🤖 AI Summary
This work addresses the challenges in autonomous driving safety evaluation—namely, the scarcity of safety-critical scenarios, the difficulty of obtaining supervised labels, and the oversimplification of traditional rule-based metrics that lack physical risk validation—by proposing an unsupervised anomaly detection framework based on a multi-agent Transformer. The method quantifies trajectory deviations via prediction residuals and introduces a dual evaluation mechanism that jointly assesses stability and physical plausibility, balanced through a novel max-residual aggregator. For the first time, it systematically validates the alignment between statistical anomalies and real-world risk. Evaluated on the NGSIM dataset, the approach identifies 388 anomalies missed by both Time-to-Collision and statistical baselines, which are clustered into four interpretable risk categories, offering actionable insights for simulation-based testing.
📝 Abstract
Identifying safety-critical scenarios is essential for autonomous driving, but the rarity of such events makes supervised labeling impractical. Traditional rule-based metrics like Time-to-Collision are too simplistic to capture complex interaction risks, and existing methods lack a systematic way to verify whether statistical anomalies truly reflect physical danger. To address this gap, we propose an unsupervised anomaly detection framework based on a multi-agent Transformer that models normal driving and measures deviations through prediction residuals.
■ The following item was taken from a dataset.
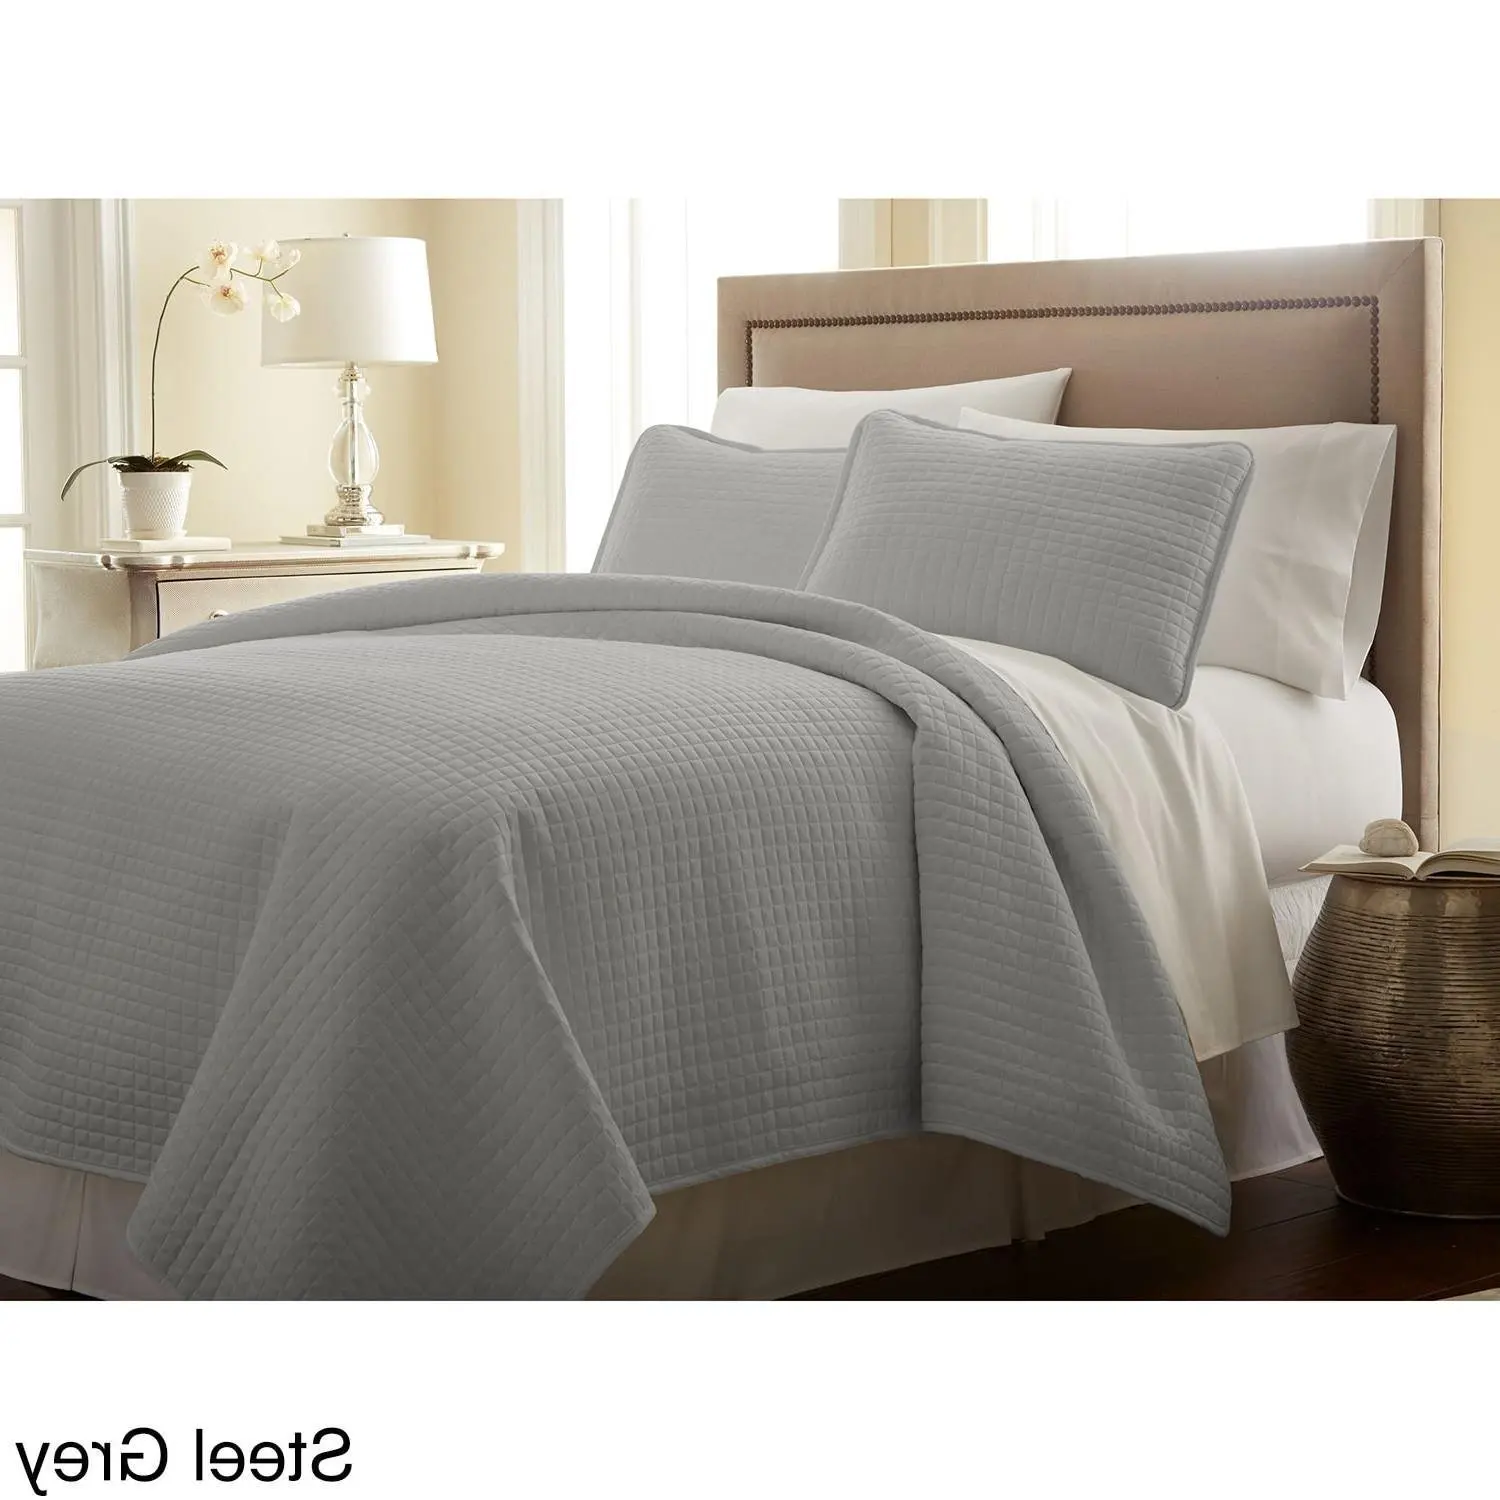 Buy Single Piece Twin Grey Woven Waffle Weave Blanket, Solid Color ...

A dual evaluation scheme has been proposed to assess both detection stability and physical alignment: Stability is measured using standard ranking metrics in which Kendall Rank Correlation Coefficient captures rank agreement and Jaccard index captures the consistency of the top-K selected items; Physical alignment is assessed through correlations with established Surrogate Safety Measures (SSM). Experiments on the NGSIM dataset demonstrate our framework's effectiveness: We show that the maximum residual aggregator achieves the highest physical alignment while maintaining stability. Furthermore, our framework identifies 388 unique anomalies missed by Time-to-Collision and statistical baselines, capturing subtle multi-agent risks like reactive braking under lateral drift. The detected anomalies are further clustered into four interpretable risk types, offering actionable insights for simulation and testing.